Sometime this winter Federated Search: Solution or Setback for Online Library Services, published by Haworth Press, will be released. The book is a collection of articles geared to helping those planning to implement federated search solutions in their libraries to understand what works best.

The book’s editor, Christopher N. Cox, is Assistant Director of Libraries, McIntyre Library, University of Wisconsin, Eau Clair. Cox is responsible for development of his library’s strategic plan, his work has been published in several library journals, and he has spoken at numerous conferences regarding federated search and its impact on information literacy and its instruction.

This paragraph from the publisher’s website describes the book:

“Federated Search: Solution or Setback for Online Library Services is a comprehensive guide to choosing, implementing, testing, teaching, and marketing federated search products in libraries. Experts in the field and librarians across the United States provide firsthand information on using federated search engines in different types of libraries (small, academic, and consortia), integrating search engines into library Web sites, homegrown upgrades, bidding on a product, other uses for software, and the future of federated searching.”
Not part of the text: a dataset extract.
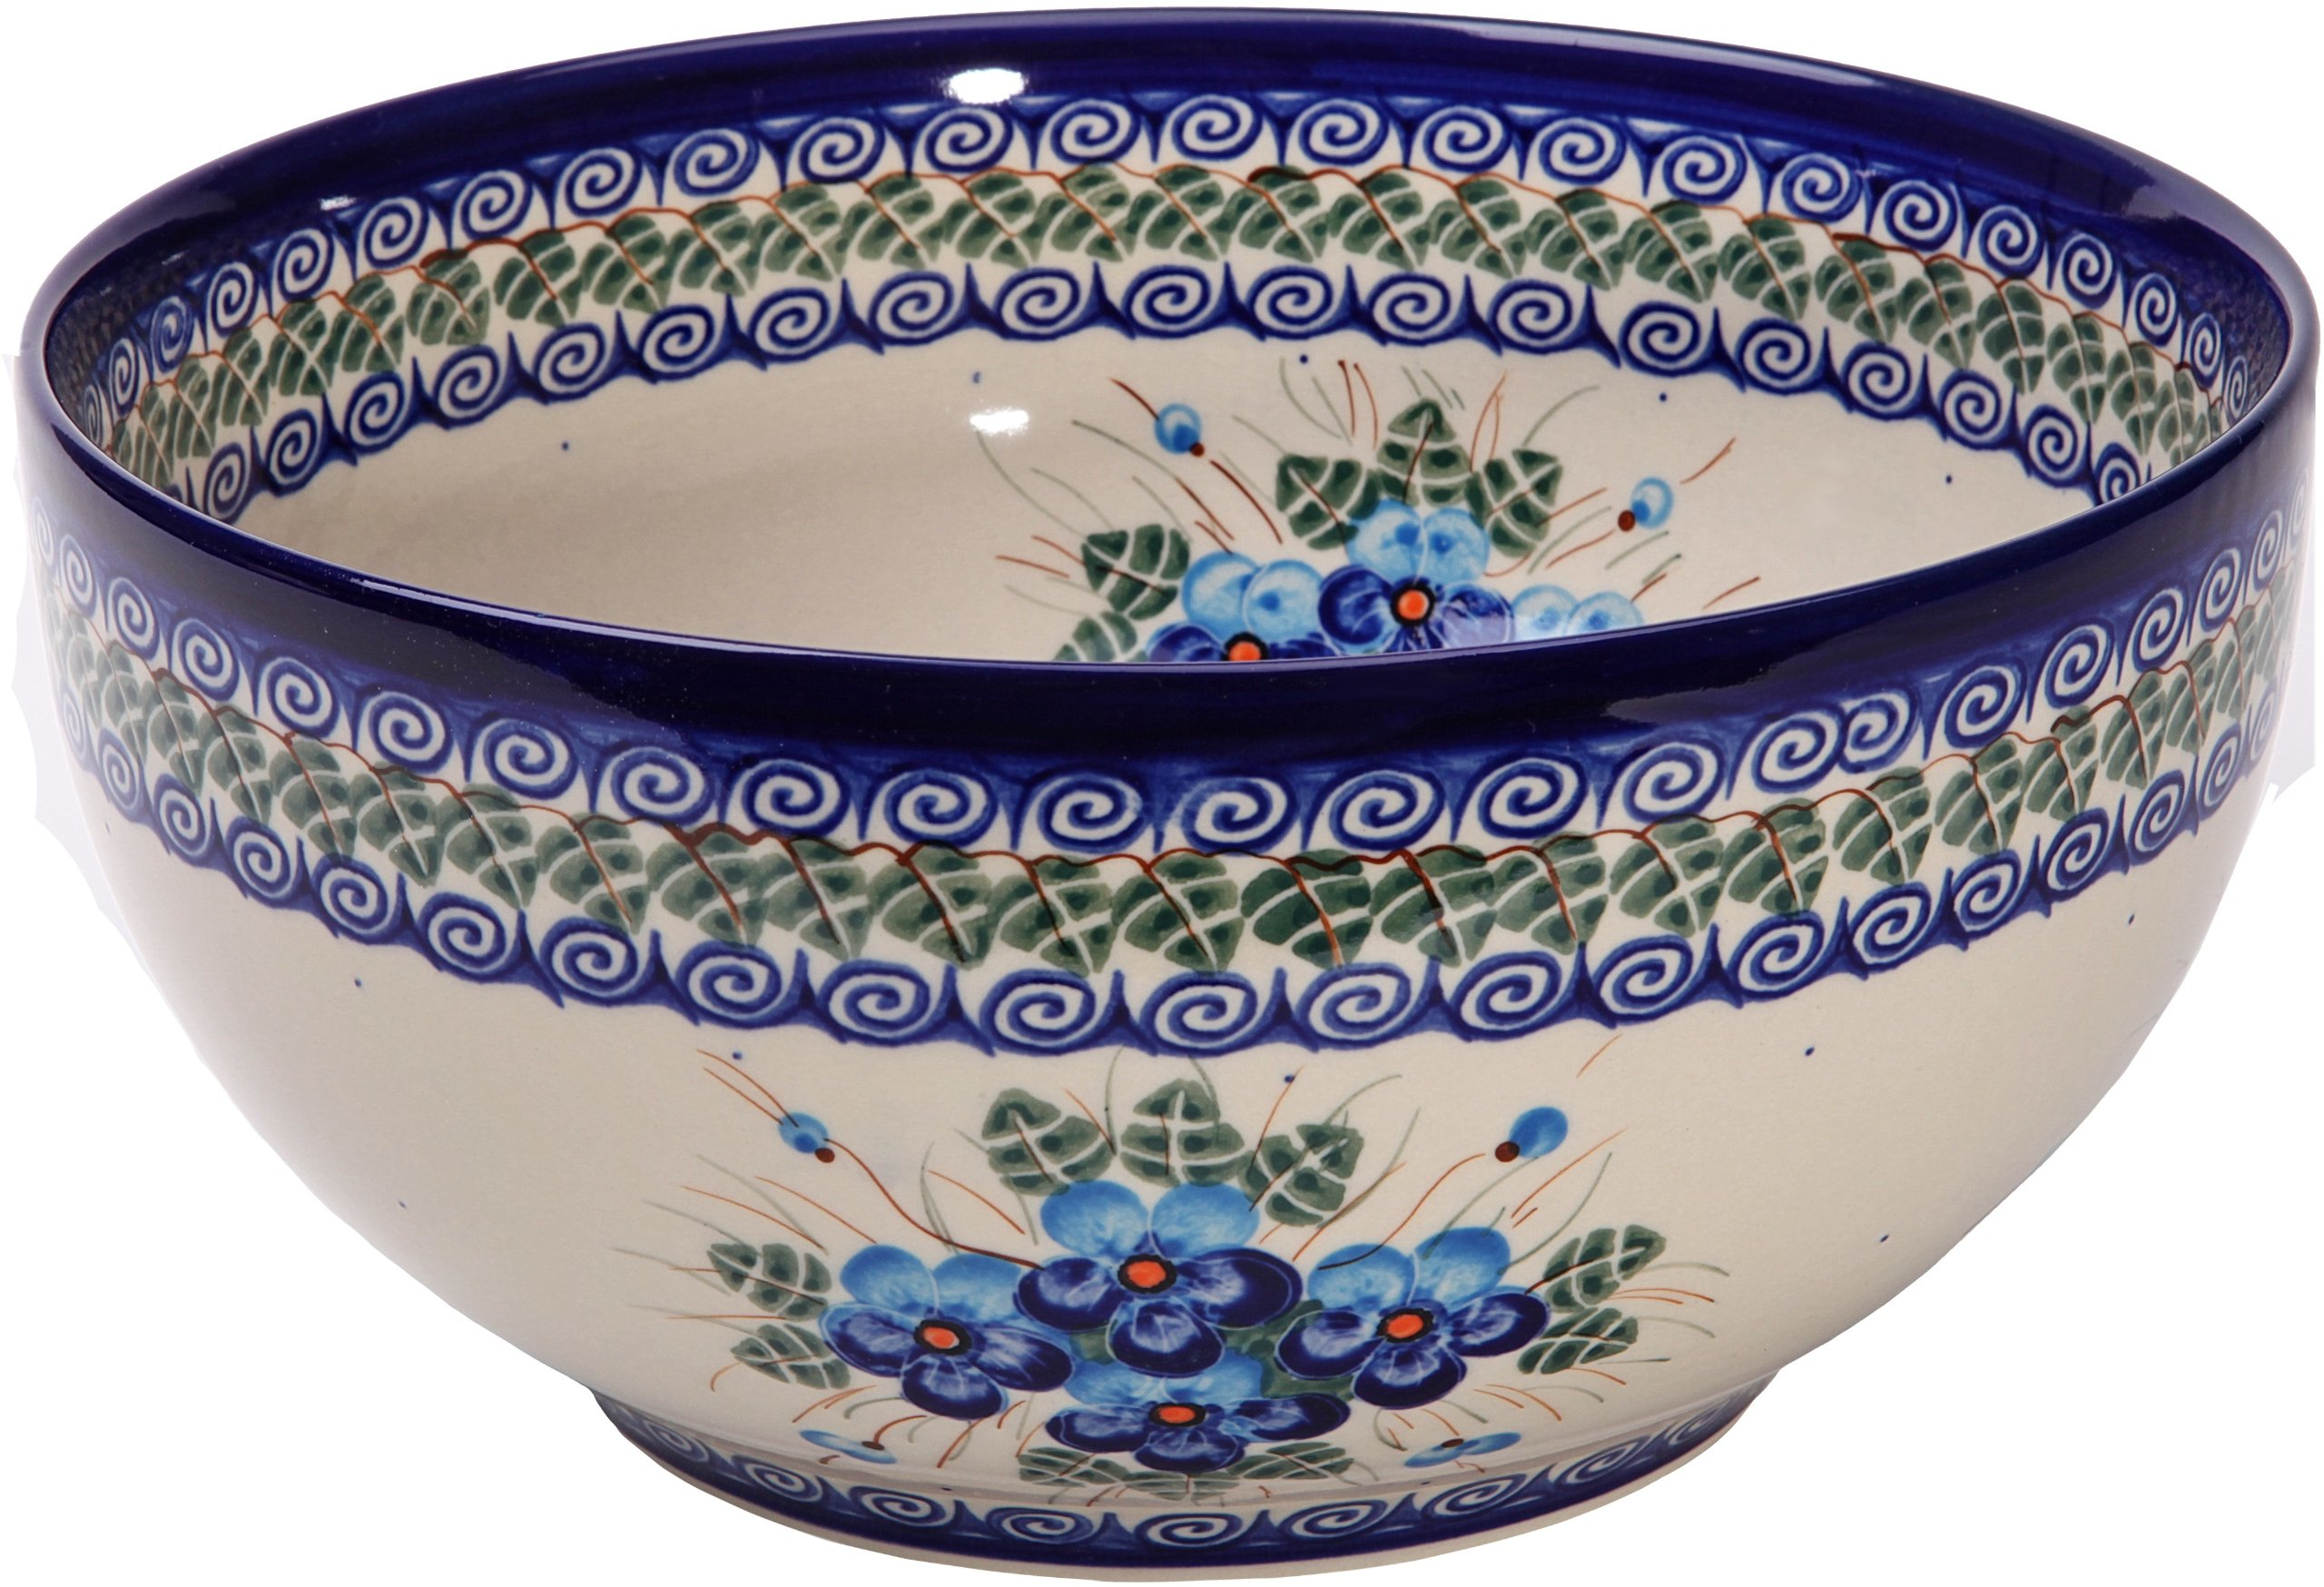 Polish Pottery Ceramika Boleslawiec,  0411/162, Bowl 23, 10 Cups, Royal Blue Patterns with Blue Pansy Flower Motif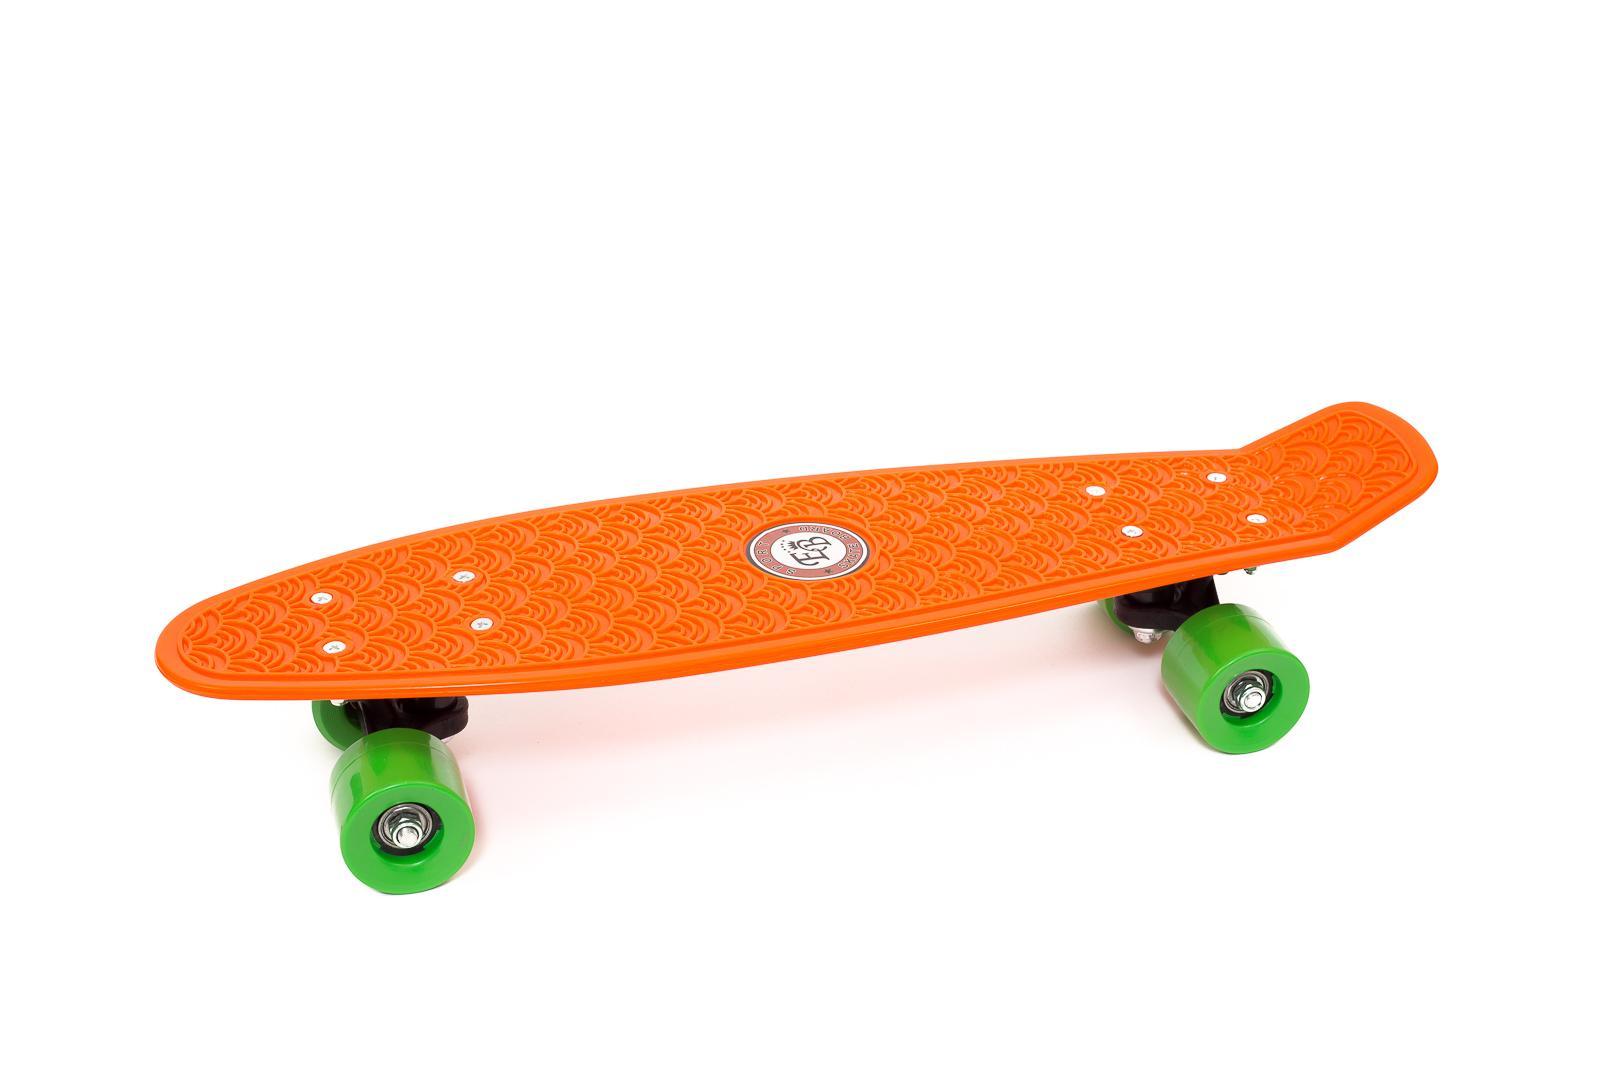 "Skateboard Penny Retro 22"" Standard Board Mini Street Cruiser Complete Orange"

The book’s subtitle “Solution or Setback for Online Library Services” does set an ominous tone for the book. The description goes on to say:

“The book also includes information of what happened once federated search was implemented on various campuses, such as usability studies, teaching issues, getting buy-on from librarians, and marketing to students.”

Like it or not, I think the horror stories are as important to hear as the “federated search is the best thing since sliced bread” discussions.

The book’s contents lists 22 chapters (essays) plus an index and reference notes. It’d be great if readers of the book would volunteer to review the different chapters. When I’m able to get a copy I’ll do an overall review. Plus, I’ll see if I can get an interview with Mr. Cox.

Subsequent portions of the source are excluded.